J’ai été donc déçu par cette attitude du narrateur qui semble injuste à mes yeux. Aussitôt, j’ai donc eu ce sentiment d’écrire une histoire similaire en guise de réponse à Ludovic Julien Kodia. Malheureusement, je n’ai pas réussi à cet effet. J’ai plutôt poursuivi la rédaction de mon ouvrage. A chaque étape, j’avais toujours ce sentiment de répondre à Ludovic Julien Kodia ou de le rencontrer un jour, afin de discuter avec lui. Pour éteindre ce désir de lui répondre, il me fallait tuer le personnage principal de mon récit (l’abbé Emile) bien qu’innocent, et sa mère y comprise.
Dès lors, je me suis approprié ce style de Ludovic pour l’ensemble de mes textes. Aujourd’hui, pour avoir lu et relu «Mes larmes coulent en silence», je trouve que Ludovic Julien Kodia, l’une de mes sources d’inspiration, a eu raison de donner la mort à Dorisca, devant la douleur insupportable qu’elle endurait.

* Pourquoi le genre romanesque comme moyen préféré d’expression pour le futur clerc que vous êtes?

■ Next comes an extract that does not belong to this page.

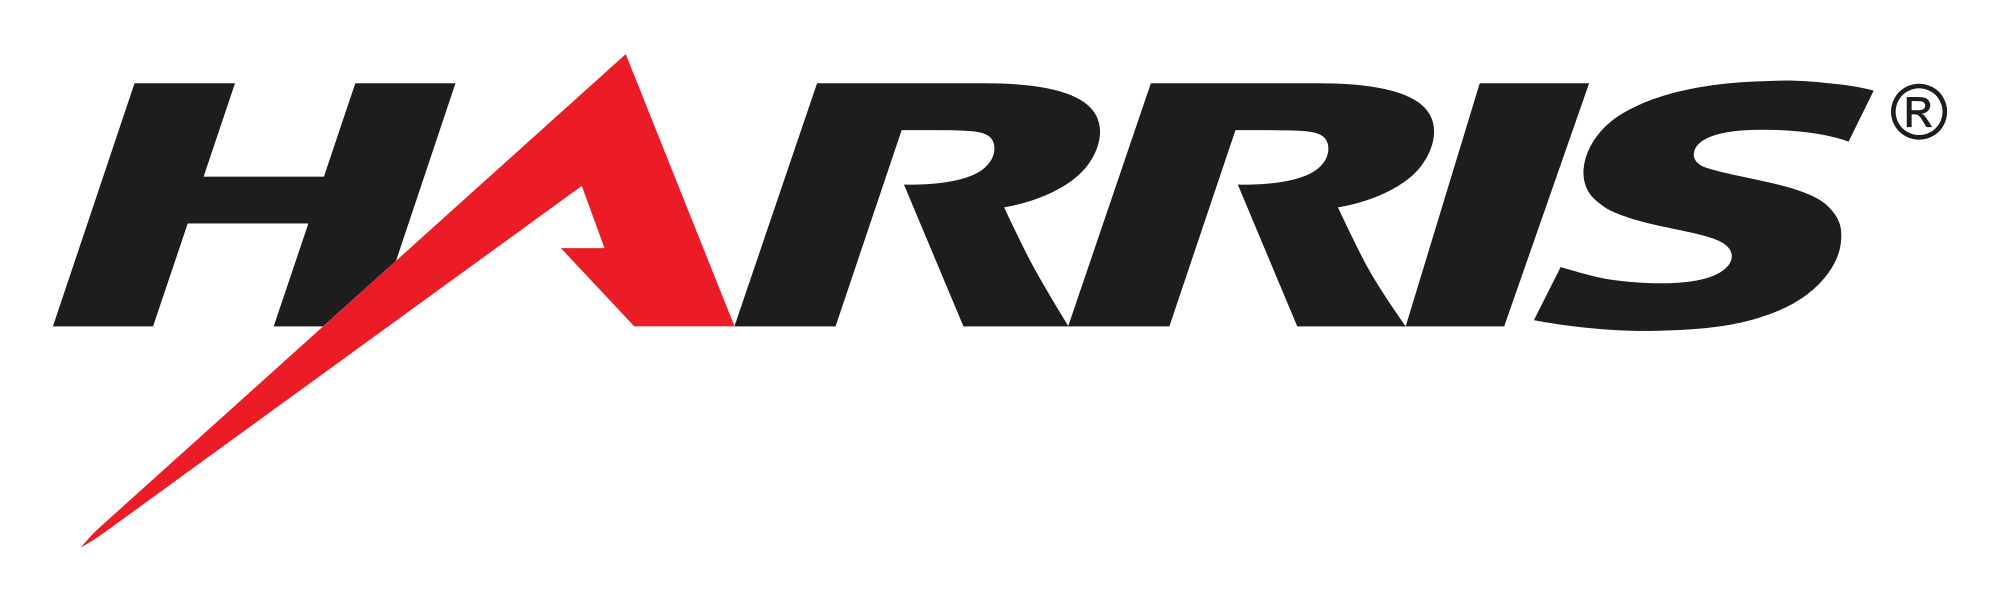 harris_corporation_logo-svg

** Le roman est le mieux adapté pour une lecture, lors d’un voyage, en bateau, en voiture ou par avion. On exprime mieux ses idées dans le roman qu’ailleurs. C’est un genre pour lequel j’ai beaucoup de passion. Il permet de mieux s’exprimer, de dire et de faire dire à travers les personnages principaux ou secondaires, de dévoiler ce qui est voilé par notre espace de vie. Je n’ai découvert le roman que lorsque j’ai été admis au Moyen-séminaire Saint Pie X de Makoua. Là-bas, les formateurs avaient mis au point un système d’étude qui nous obligeait à résumer un livre toutes les deux semaines pour les anciens et chaque mois pour les nouveaux que nous étions. C’était un système assez difficile pour moi qui venais d’arriver et qui n’avais jamais lu un roman par le passé.
J’ai été donc récupéré par l’un des anciens qui, à force de nous brimer (intellectuellement), m’a donné le courage d’affronter le livre et le sens de la lecture. Je me suis laissé conduire par cet aîné qui m’a beaucoup aidé pendant que je trébuchais dans ce système de lecture et de résumé.
Le tout premier roman que j’ai lu dans ma vie s’intitule: «Les aventures de topé l’araignée» de Touré Théophile Minan, dont je garde le résumé jusqu’à ce jour. Ont suivi «Les bouts de bois de Dieu» de Sembène Ousmane, puis «Matricule 22» de Patrice Lhoni, etc. A partir de ce moment, j’ai donc ouvert mon cœur à cette passion, celle de la lecture du genre romanesque. On pourrait ainsi dire avec Louis-Philippe de Ségur que «lorsqu’on ouvre le cœur humain à une passion, les autres y pénètrent». Ma passion pour la lecture s’est transformée en passion pour l’écriture.